I will give some background....I was not raised going to church. Unless we visited my grandparents in Maryland (my mom's side) we did not go to church. I knew there was God, but I didn't really know anything else. Do I think you have to go to church to know God, No, does it help? In my case Yes, because I do not know much about God or church or the Bible...Easter a few years back, when we still lived in California, my Best Friend Melissa asked if we wanted to go to Easter service, and we did. We continued to go to church, pretty regularly while we were in California. When we moved to Prosper originally, I had already researched a few churches. We got settled in and started at Lighthouse, and really liked it. It was like our church in California, but much smaller. Loved the music, we wore jeans, it was very laid back...See when we would go to church I always got very overwhelming feelings of Hope...I always cried, no matter what. Not really out of sadness, but alot of other feelings..more like undeserving, maybe not really understanding...does that make sense?

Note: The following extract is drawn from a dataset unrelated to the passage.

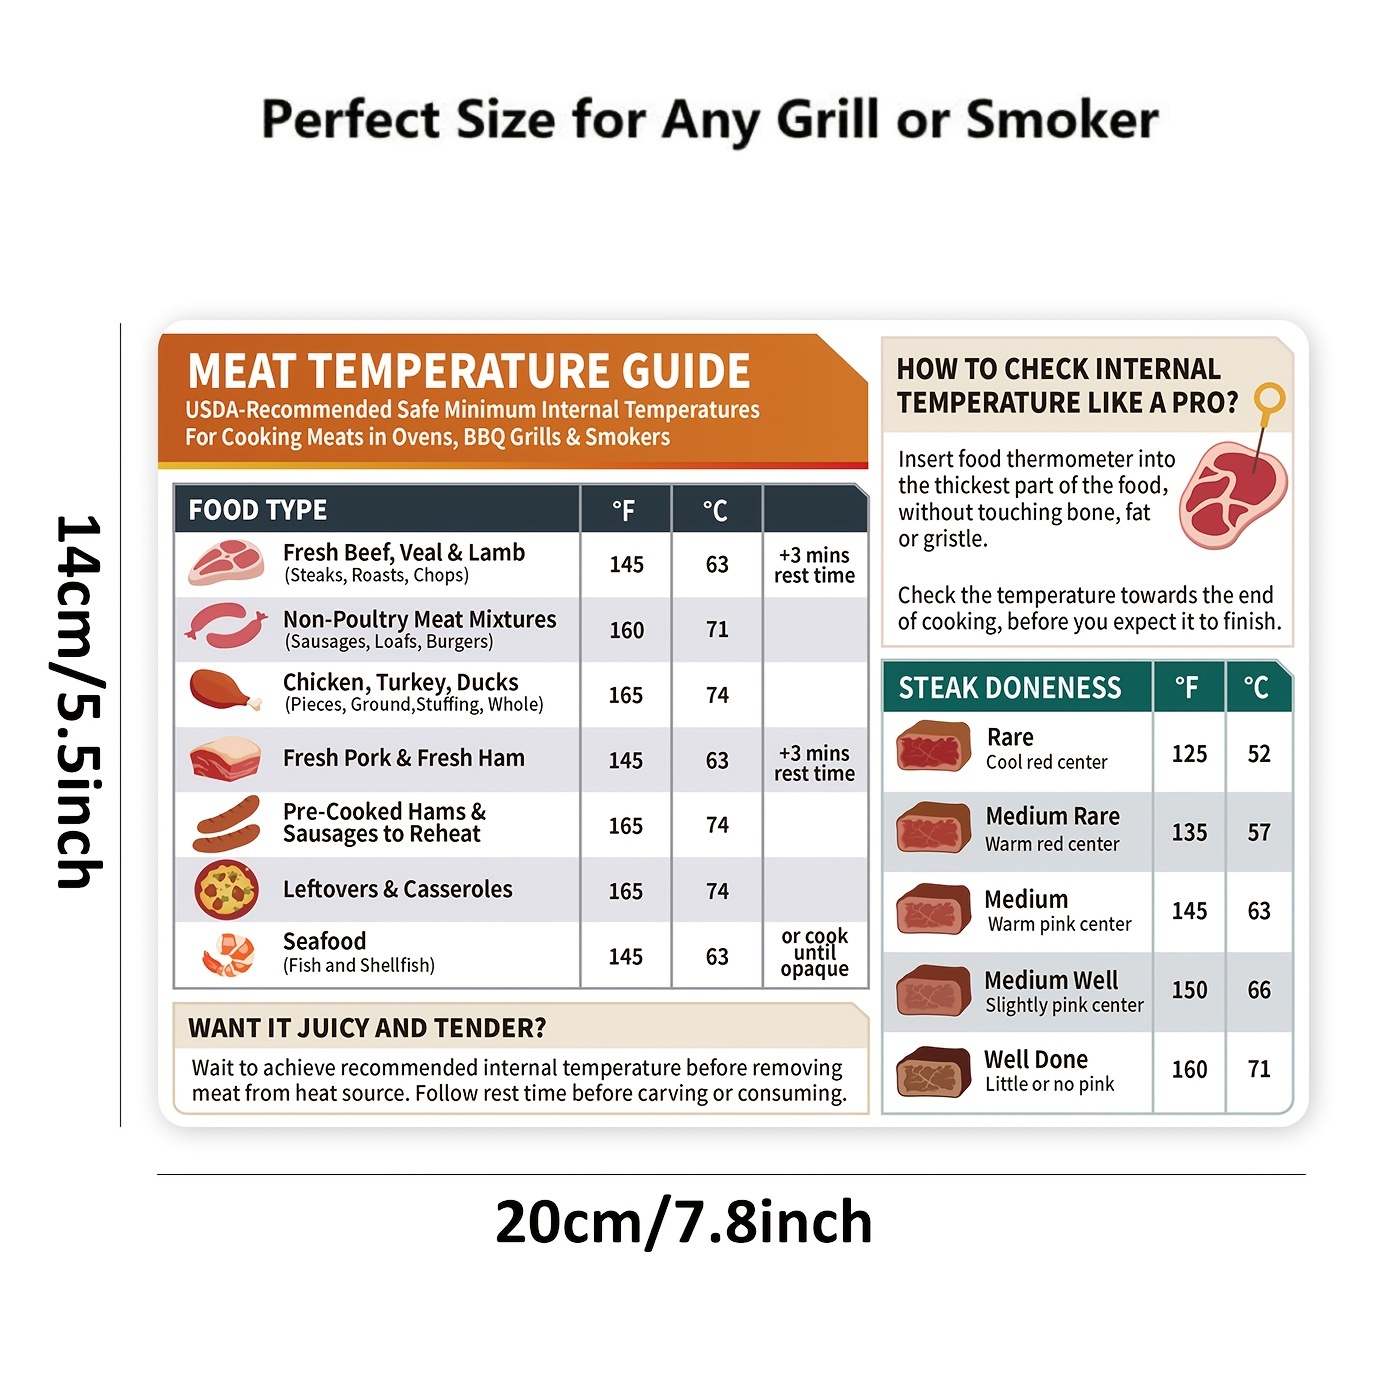 Steak Doneness Guide & Temperature Charts

I could always talk to Melissa, she was not raised going to church, but her sister had been a Christian for 20+ years, she always could turn to her sister and ask questions, and if I would ask her something, and she didn't know, she would ask her sister...Melissa always helped me, in my walk, always explained God is different in every ones life at different times..I struggled sometimes, but knew He had already been a part of my life before that Easter Service.
There were times prior to that that we were definitely led, in the right direction by God. I with all my heart believe that. Even us finding Celina...our friends there, our connections, they all are by the Grace of God. I remember meeting my friend Susan, at Lighthouse. I saw her faith and happiness, she is someone who is always so positive and smiling, she is always nice, lifting up others, and I remember wondering and thinking I wish I was like that. I wanted to have that kind of faith, that kind of hope, that kind of knowing God. She was and is an inspiration in my life, she is so Sweet and caring, a role model, if you will.
So while I struggle in my walk, at times, I know He is here. He has watched over me, in ways I didn't realize until later in life. He has brought relationships and people in and out of my life for a reason, I know that. He is accepting of me, when I am not of myself. He knows ME, My heart and my will, I know that...sometimes I just have to keep telling myself that! Keep convincing myself that I am worthy...even when I don't feel it....It is hard when I look at myself and look at others who know Him better than I do. Maybe they were raised that way, maybe that is all they know...and I feel like I wished I had had that, when I was younger, I wish I would have know God then. As an adult, I think that has been the hardest, not being taught when I was a kid, not being involved in church when I too would have not known any different...
But while I wish I had had that, now is my time to give that to my kids, to have them "know" and not question it..and for that day in my life, when Melissa asked me to church, I am forever grateful..or the day Susan approached me at VBS, and reached out to me....I am thankful...forever grateful to God.